秦误呜咽,喘着气,眼睛被水雾迷蒙着辨不清明,他骂:“臭和尚,死和尚。”
净法不说话,用虎牙咬了一下他的手指,又松开,就顺着他的手腕上来了,用虎牙慢慢地磨他。
净法气息平稳,只有体温滚烫,他温声反驳:“不臭,没死。
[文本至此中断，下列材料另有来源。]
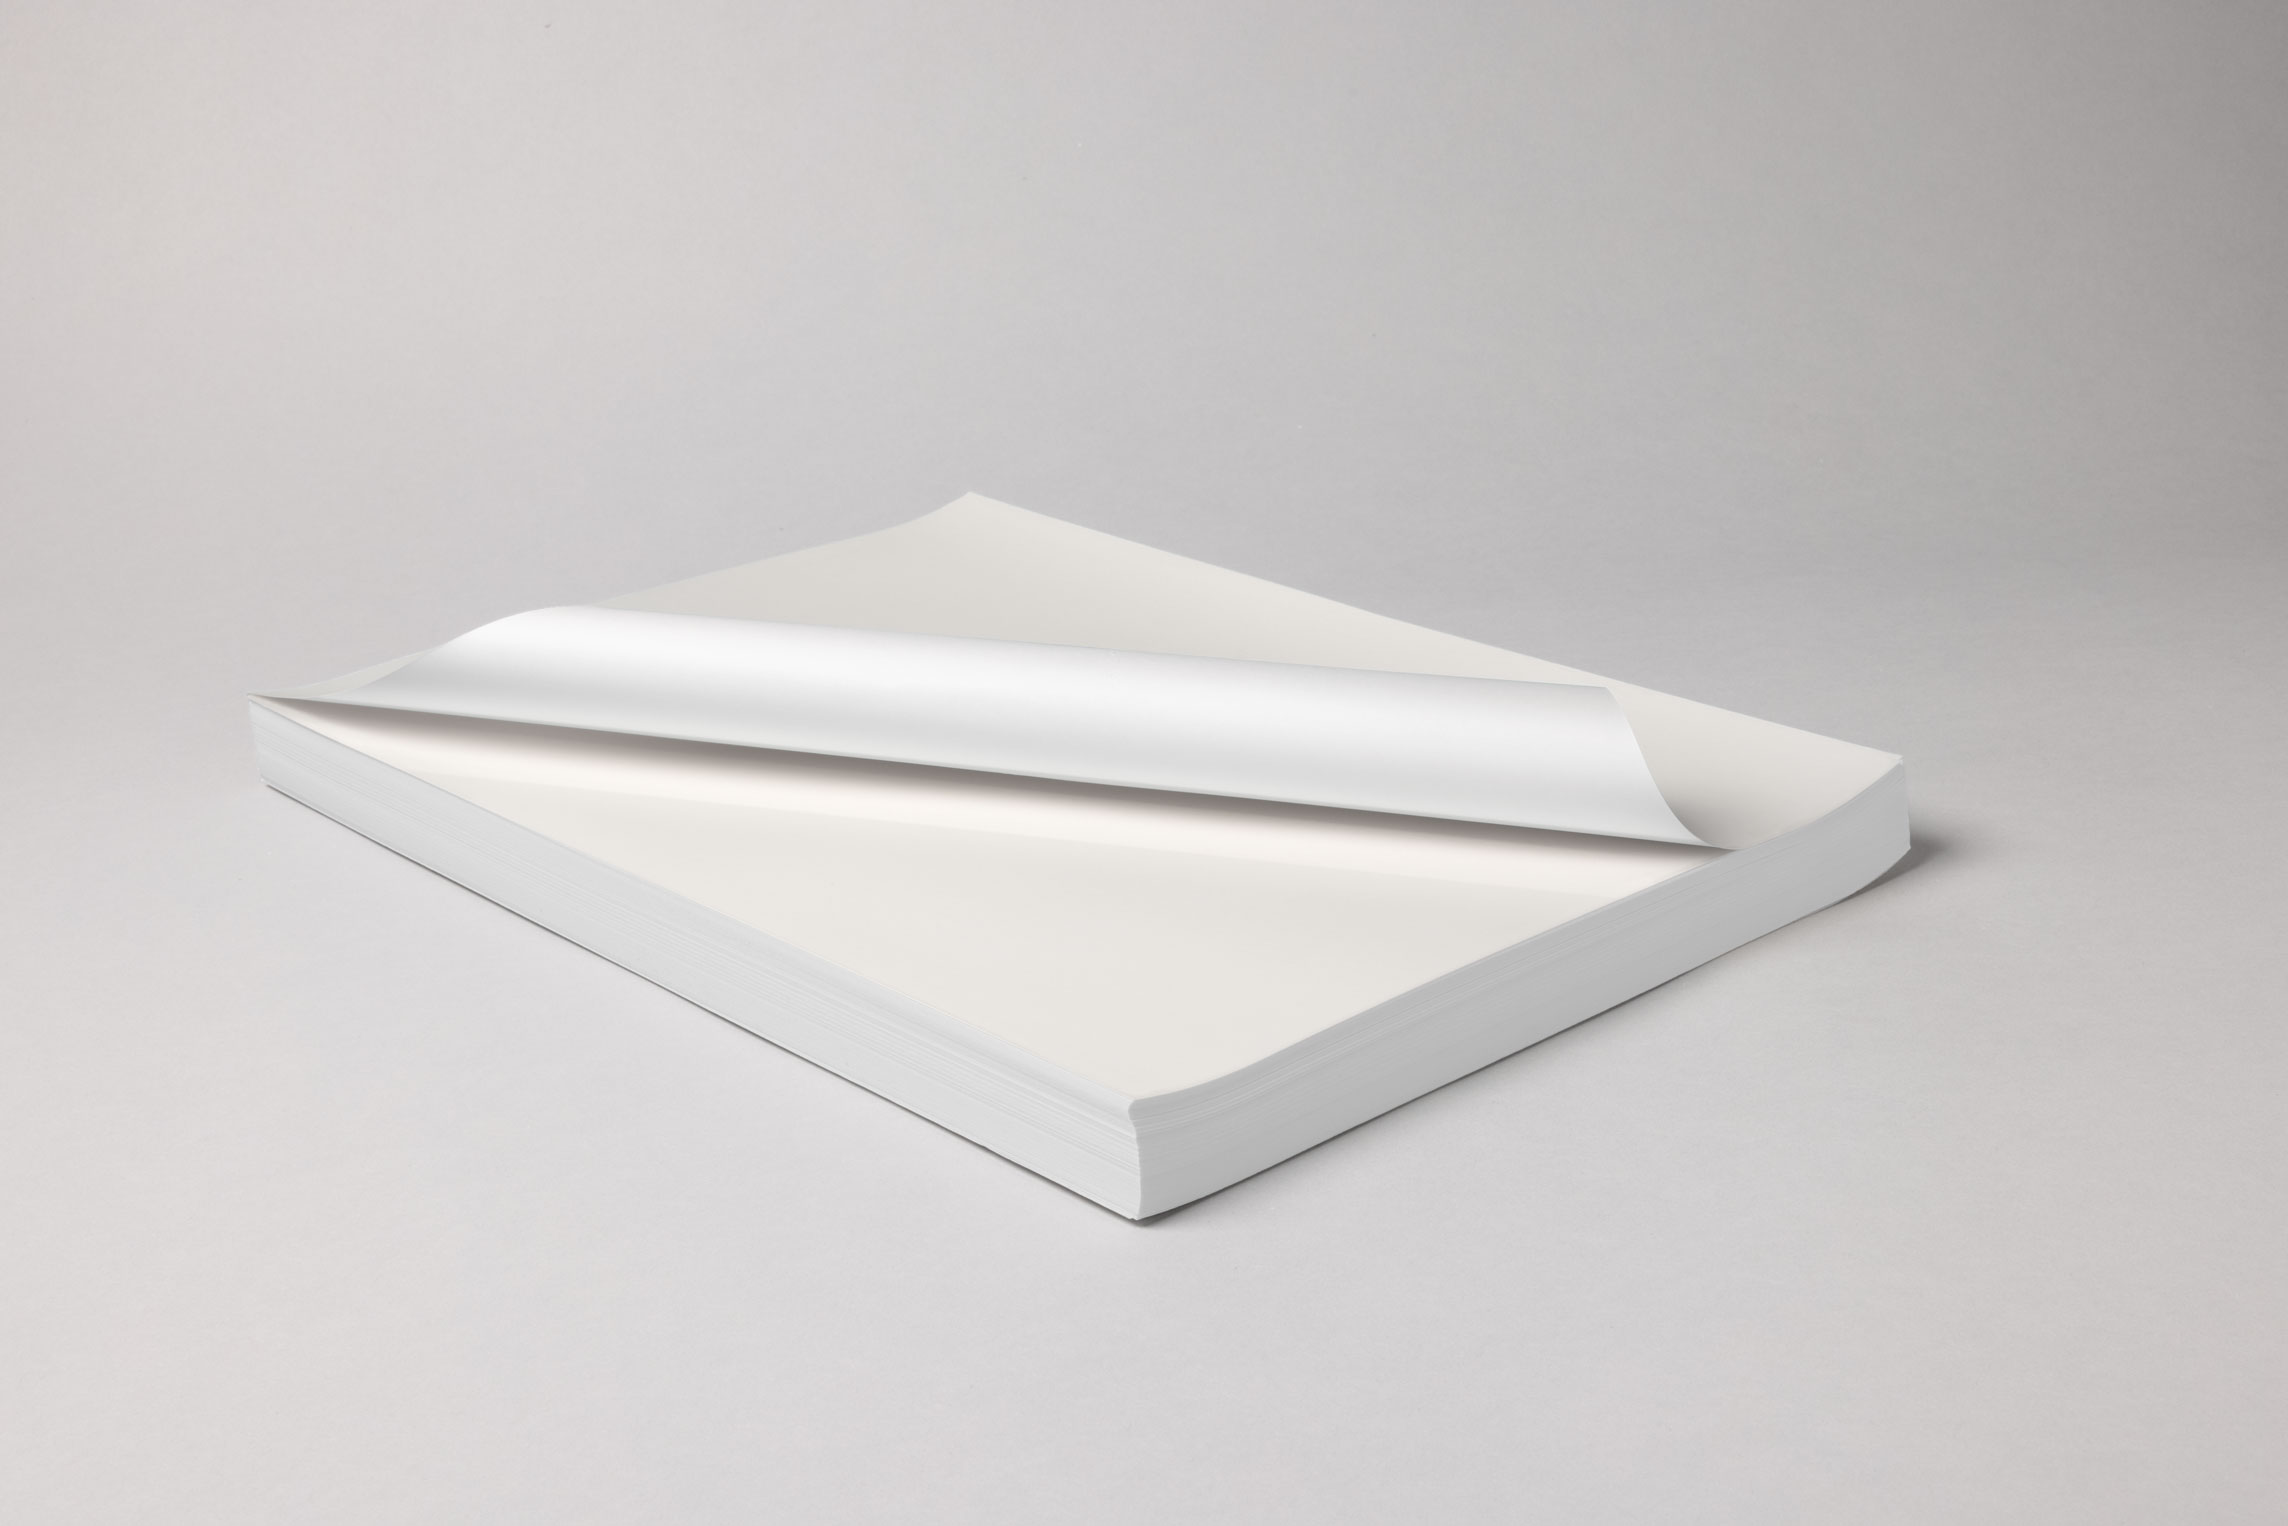 Ceramictoner Abziehbildpapier MZCal eignet sich für die Produktion von Decals. Es eignet sich für alle Anwendungsbereiche und ist in DIN A4, DIN A3 oder DIN A3 Übergröße erhältlich.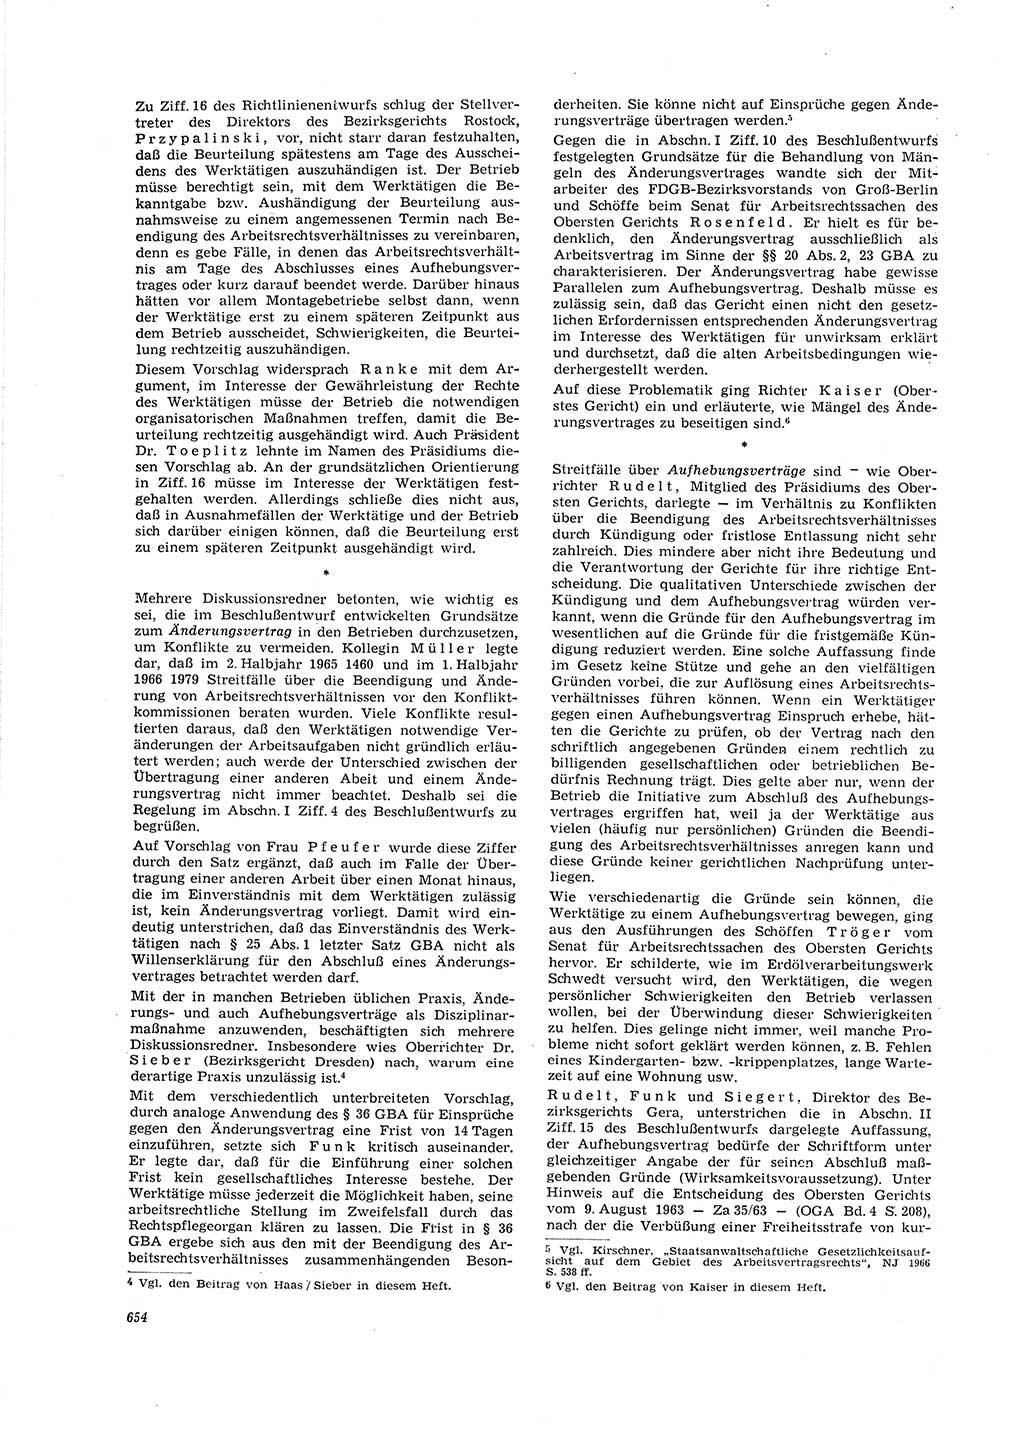 Neue Justiz (NJ), Zeitschrift für Recht und Rechtswissenschaft [Deutsche Demokratische Republik (DDR)], 20. Jahrgang 1966, Seite 654 (NJ DDR 1966, S. 654)

”
“滚!”
秦误吃力呵他。
净法没听,又张口咬了他另一只手腕。
第32章堕佛
夜雨正浓,乱葬岗上,佛子破戒,皇宫圣地天榻中被供奉在香案上经久不灭的长明灯骤然熄灭,再无星点灯火。
寒凉初冬,貌美的奸臣邪佞在湿漉漉的雨水中被佛子压制,佛子向来平静宁和的面目破开,露出内里深重的不能袒露于人世的欲念,佛子用力抱紧了作恶的权阉,权阉浓墨一般的发丝散开,秦误绝美白皙的脸上雨水和泪水混合在一起在眼尾掉落。
雨水寒风都发凉发冷,然而男人身上却又炽热滚烫,夜雨中,秦误被夹杂在冷热交替里,身上断开的肌理随着圣僧的步步紧逼而挣扎愈合。
手筋脚筋生长治愈,脊骨在身体里焕然新生,秦误得到了圣僧的恩泽垂爱,犹如获得了上天的垂爱,他身上无可医治的刑伤,一夜之间恢复如初。
但是秦误很痛,痛得在寒风中都出了汗,脸色通红,浑身挣动着想要逃离,避开如此深刻的疼痛,然而和尚身躯宽阔,一身气力,手掐着秦误的肩背,纹丝不动,秦误被他抱着,纵使自己挣动得犹如一尾鱼,却也不曾真正逃脱过半分,和尚下巴抵在他的肩头,神情深意,话语安抚,宁和镇静:“忍过去就好。”